Hm, you're right, if we expect people using Django to use procrastinate, we'll need to ship a way to transform PG migrations SQL files into Django migrations. Your approach seems nice, but I'd tend to try and generate one Django migration per SQL migration file (whereas if I understand your code, you have all SQL migrations in a single Django migration). But that's a detail, and doesn't help your problem.
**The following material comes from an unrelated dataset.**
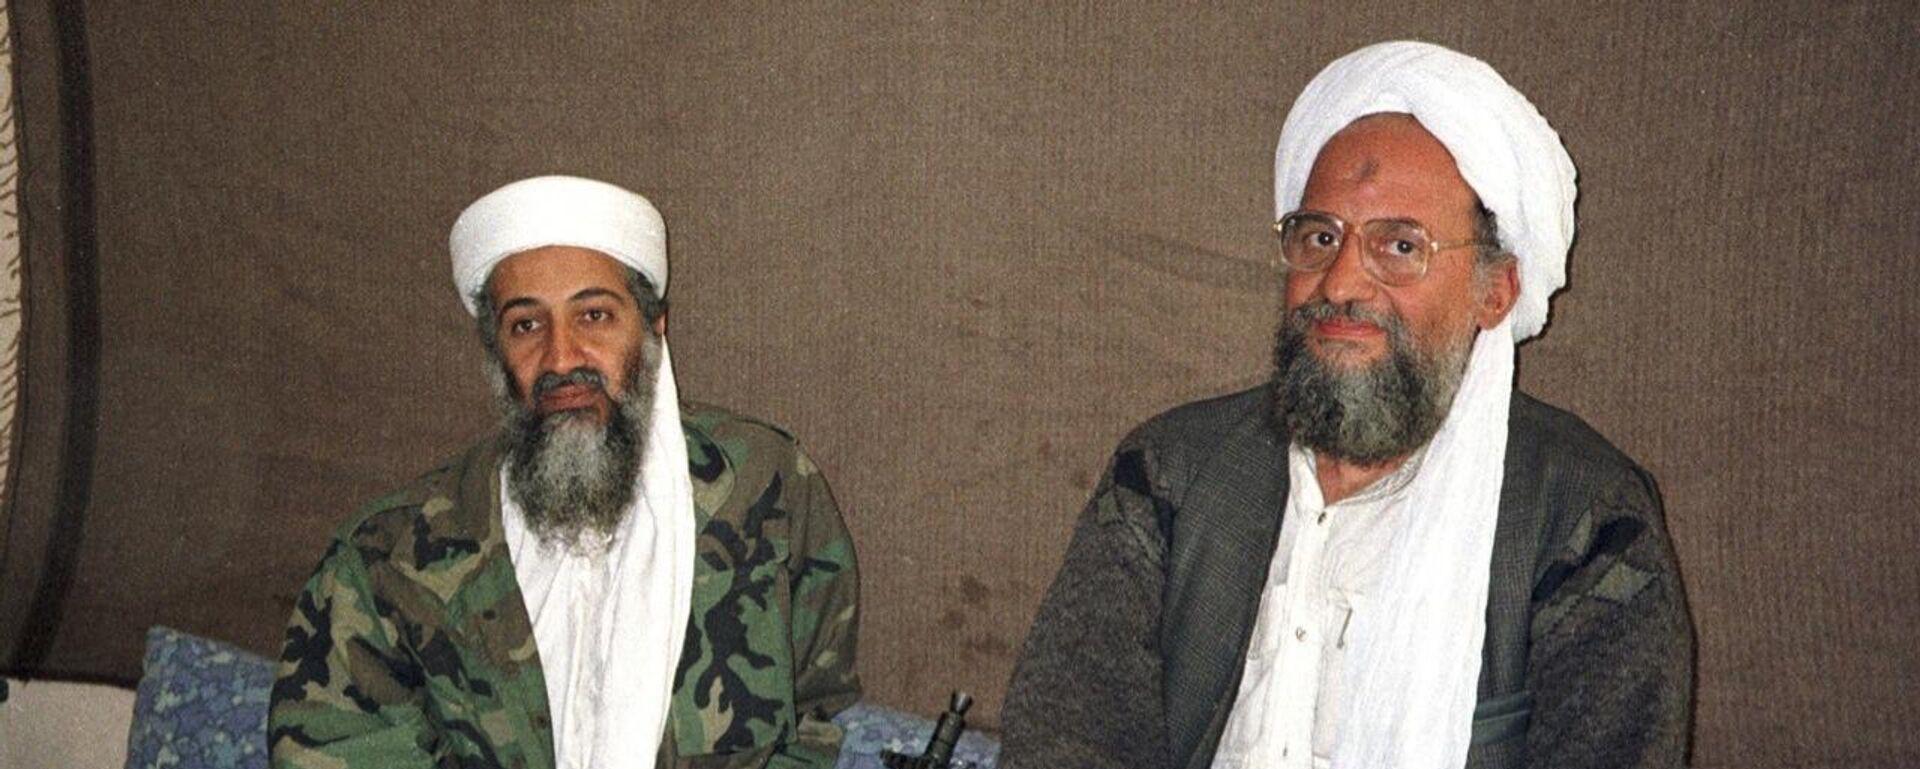 Osama bin Laden und sein Nachfolger Ayman al-Zawahiri - SNA, 1920, 12.09.2021

I'm not sure about the "1 procrastinate migration <-> 1 django migration" approach. As far as I can tell, it doesn't bring any additional value and make integration with the app way harder (a dozen files to add, instead of only one).
Can I ask why you used a RunPython and not a RunSQL ?
I can try that, I wanted to avoid file I/O at import time, which RunSQL would require.
IMHO, the easiest option would be as you suggested, have a contrib.django
package which would be a django app, and contain the proper migrations. Integrating procrastinate
in a django project would then only require INSTALLED_APPS = [..., "procrastinate.contrib.django", ...]
and python manage.py migrate
.
However, it would increase the maintenance burden on procrastinate side, possibly by having duplicated SQL code (though it could probably be automated).
If I use RunSQL
, I end up with the same error. This is the code I used:
# Generated by Django 3.0.8 on 2020-07-18 08:39
import os
from django.db import migrations
def get_sql(name):
import procrastinate
sql_path = os.path.join(
os.path.dirname(procrastinate.__file__),
'sql',
'migrations',
)
full_path = os.path.join(sql_path, name)
with open(full_path, 'rb') as f:
return f.read().decode()
class Migration(migrations.Migration):
dependencies = [
('common', '0008_auto_20200701_1317'),
]
operations = [
migrations.RunSQL(get_sql("baseline-0.5.0.sql")),
migrations.RunSQL(get_sql("delta_0.5.0_001_drop_started_at_column.sql")),
migrations.RunSQL(get_sql("delta_0.5.0_002_drop_started_at_column.sql")),
migrations.RunSQL(get_sql("delta_0.5.0_003_drop_procrastinate_version_table.sql")),
migrations.RunSQL(get_sql("delta_0.6.0_001_fix_procrastinate_fetch_job.sql")),
migrations.RunSQL(get_sql("delta_0.7.1_001_fix_trigger_status_events_insert.sql")),
migrations.RunSQL(get_sql("delta_0.8.1_001_add_queueing_lock_column.sql")),
migrations.RunSQL(get_sql("delta_0.10.0_001_close_fetch_job_race_condition.sql")),
migrations.RunSQL(get_sql("delta_0.10.0_002_add_defer_job_function.sql")),
migrations.RunSQL(get_sql("delta_0.11.0_003_add_procrastinate_periodic_defers.sql")),
migrations.RunSQL(get_sql("delta_0.12.0_001_add_foreign_key_index.sql")),
]
Maybe it's related to my postgresql installation, though it's a pretty basic postgres:11
docker installation. I'll try piping the SQL files directly to postres.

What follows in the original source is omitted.